Оба других члена комиссии осматривали все вокруг, довольно дружелюбно улыбаясь, но пока не проронили ни слова. Разделись, повесили шинели. Сломка стоял в дверях, ожидая вопросов и приказаний. Главное, чтобы командор разрешил им выйти в море. Но похоже, что это штабная крыса. «Почему он с самого начала так настроился против «Моруса»? Может, я ему не так, как требуется, доложил? Но ведь я сделал это точно так, как делает Соляк. Нужно быть начеку. «Вы еще, оказывается, держитесь на воде?» Был бы с нами вчера, тогда смог бы оценить «Морус». Ох, только бы он согласился, а то стыдобища будет с этим буксиром — на весь флот нас расславят, а Соляк мне до конца жизни этого не простит. Как бы его умилостивить? Руки потирает, наверное, ему холодно».

— Простите, гражданин командор, если разрешите, можно предложить по чашечке кофе? Холодно сегодня…
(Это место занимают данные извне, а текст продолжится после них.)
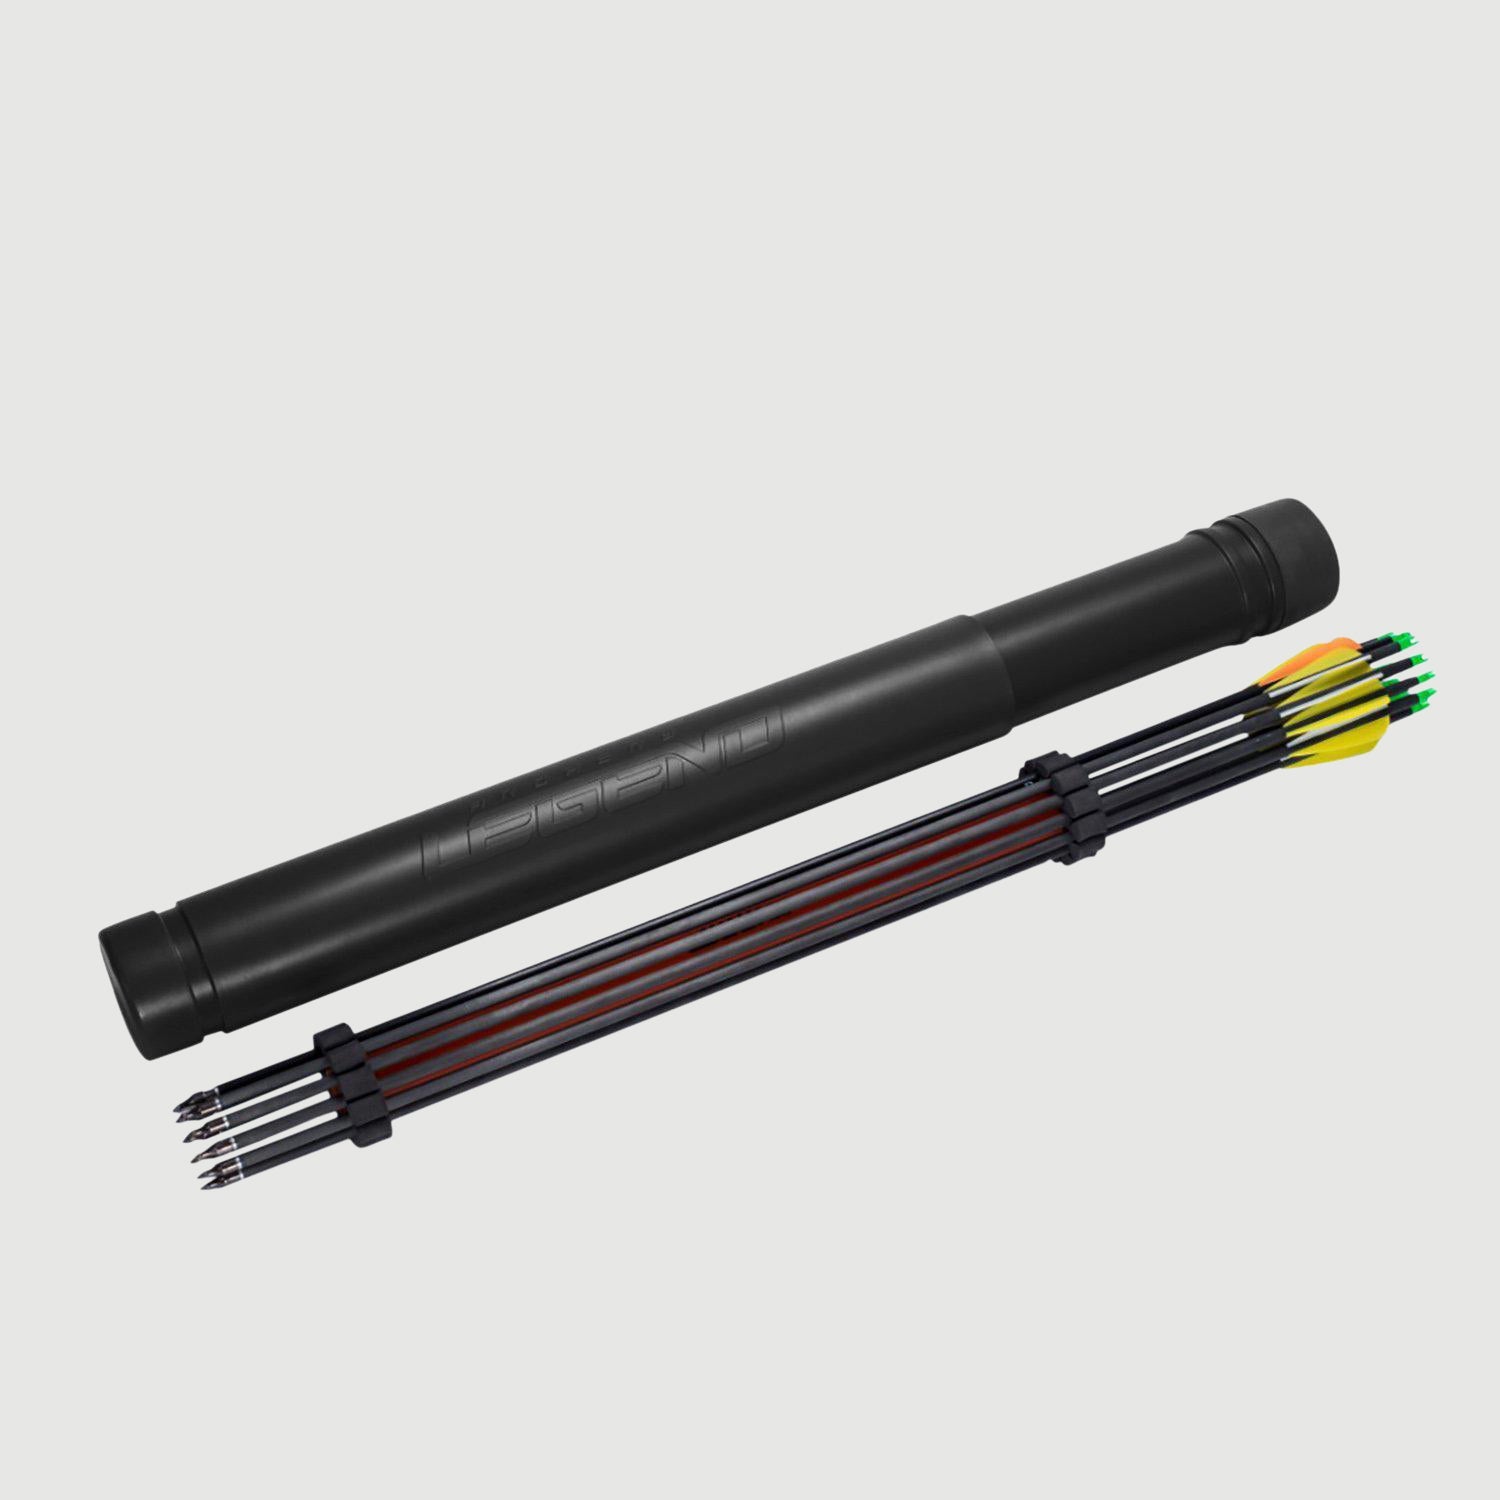 keep your arrows organized, safe, and ready for your next shot with Red Arrow Tube with Holder

Командор скривился, словно съел лимон:

— Везде кофе да кофе, даже из военного корабля кафе сделали.

Тут вмешался командор Зярно, молодо выглядевший, улыбающийся блондин:

— А чайку, товарищ поручик, кок не найдет? Гражданин командор Полецкий выпьет чаю, а мы с инженером согласимся на кофе, правда, товарищ Дрозд?

Коротко подстриженный, с красным лицом, коренастый, смуглый инженер улыбнулся и кивнул головой.

— Так чаю можно, гражданин командор? — спросил Сломка Полецкого.

— Хорошо, можно чаю, но только без лимона.

— Слушаюсь, без лимона.

— И сразу же, поручик, прикажите нам принести всю корабельную документацию, ну, скажем, для начала боевой распорядок, судовой журнал, книгу учета аварий. Рапорт о чрезвычайном происшествии на корабле готов?

— Так точно!

— И его нам дайте.

— Знаете, товарищ Сломка, закажите, пожалуй, еще один кофе и пригласите сюда секретаря парторганизации. Кто здесь у вас секретарь?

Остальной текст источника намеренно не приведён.